Besides looking at various groups of sponsors by source or by type of sponsorship, we can look at sponsorship longevity by year of joining. Figure 8 compares longevity for sponsors according to when they joined. Only sponsorships from media source C are considered in this graph. Longevity functions are shown for sponsorship that began in 1988, 1989, 1990 and 1991. The proportion remaining at the end of the twelfth month shows that there has been a decline in retention in each of the four years shown. About 74 percent of the sponsorship from the 1988 cohort were still active at the end of the twelfth month while only about 69 percent of those from 1991 were. Evidently longevity of sponsors from this media source is beginning to slip. Other media sources were analyzed similarly. Some were holding steady while others were slipping.
Conclusion
Survival analysis can be very useful in analyzing the retention of clients or sponsors over a period of time. It is easy to tell from a graph of longevity functions which group is lasting longer and how much longer. It is also easy to tell which months are critical months when the rate of dropping out is high. Steps can be taken to stem the loss of sponsors or clients and improve retention.
Notes
1 One of the few is "The Benefits of Customer Retention Research " by Paul C. Lubin in Quirk's Marketing Research Review from October, 1992.

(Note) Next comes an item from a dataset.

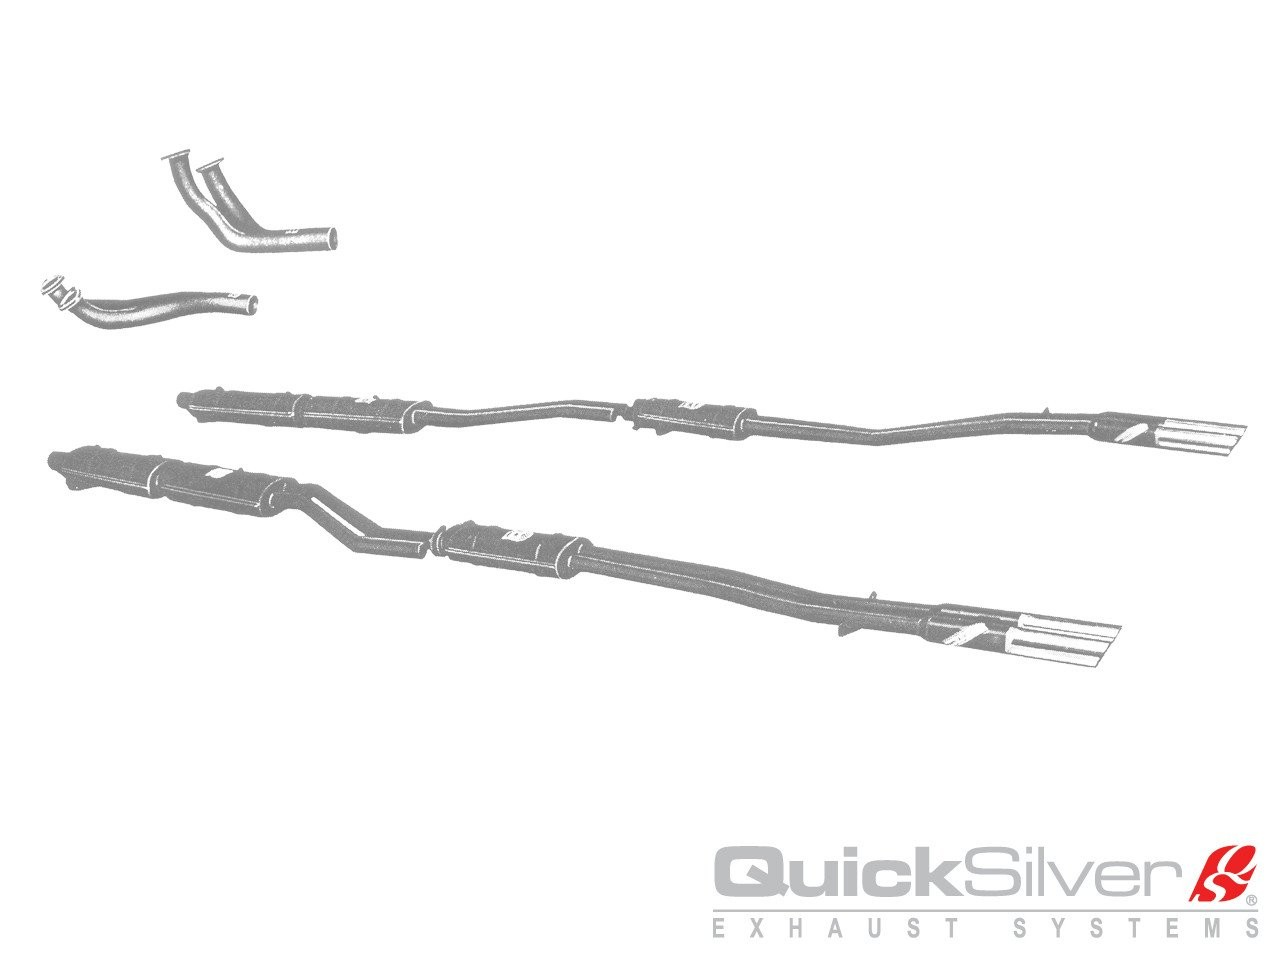 QuickSilver Exhausts Heritage | Ferrari 330 America, 1964-65, FE063 (Výfukový systém – nerezová ocel)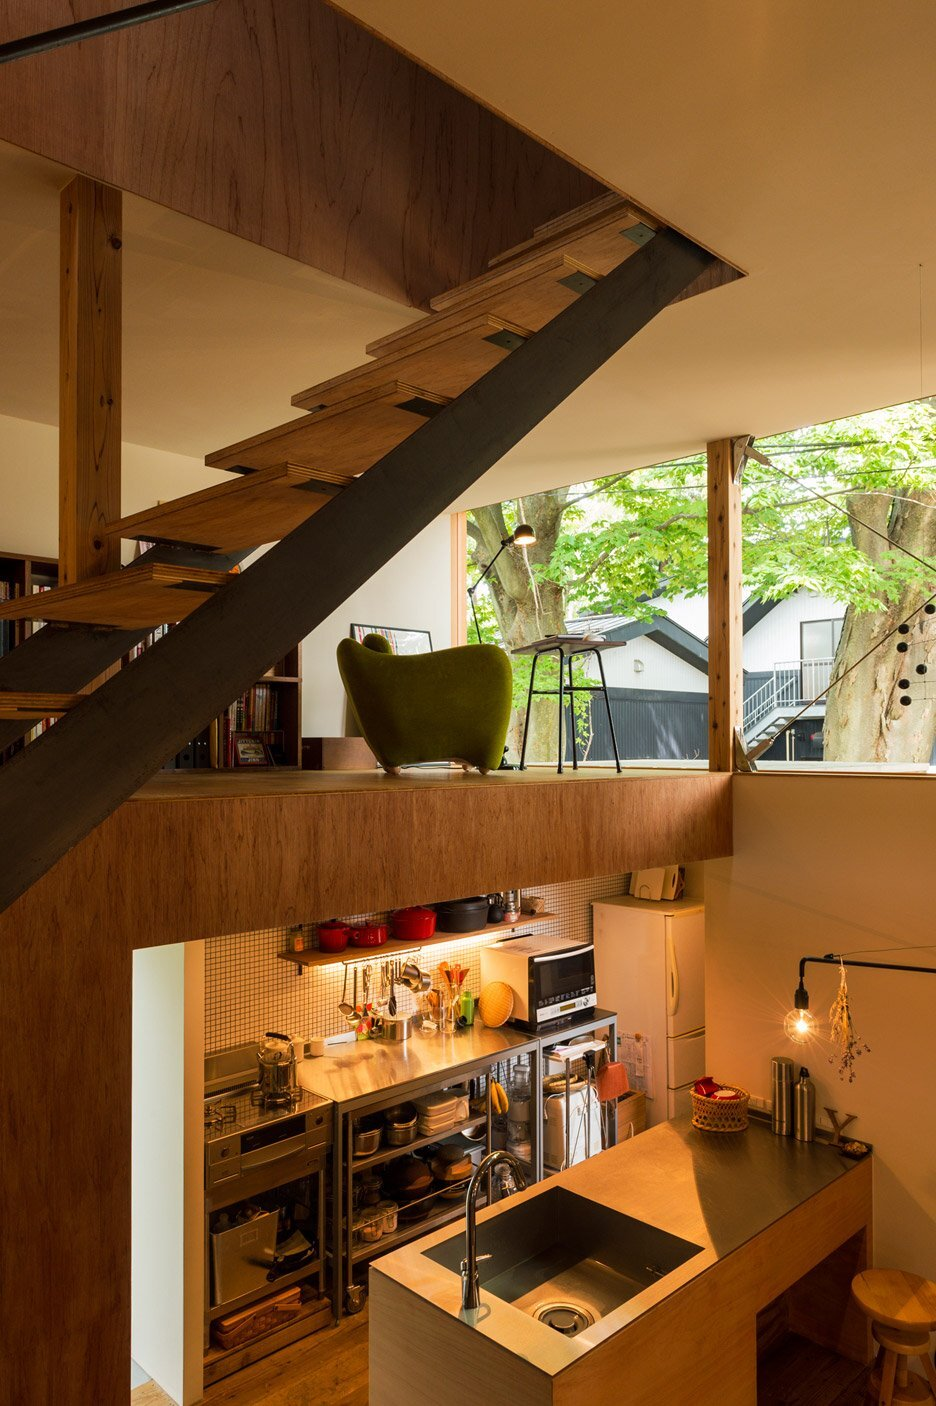 House to Catch a Tree - Takeru Shoji Architects - Japan - Kitchen - Humble Homes

2 A definitive book on survival analysis is "Statistical Methods for Survival Data Analysis" by Elisa T Lee, 1980, Belmont, California: Lifetime Learning Publications. Survival analysis is a fairly broad topic which encompasses parametric and nonparametric assumptions about the data. Statistical tests for comparing survival functions, cumulative probability functions and hazard functions for different groups are available if you need to work with samples. The current analysis was performed on the total population of sponsorships which precludes the need for concern with sampling error and all the statistical testing that implies.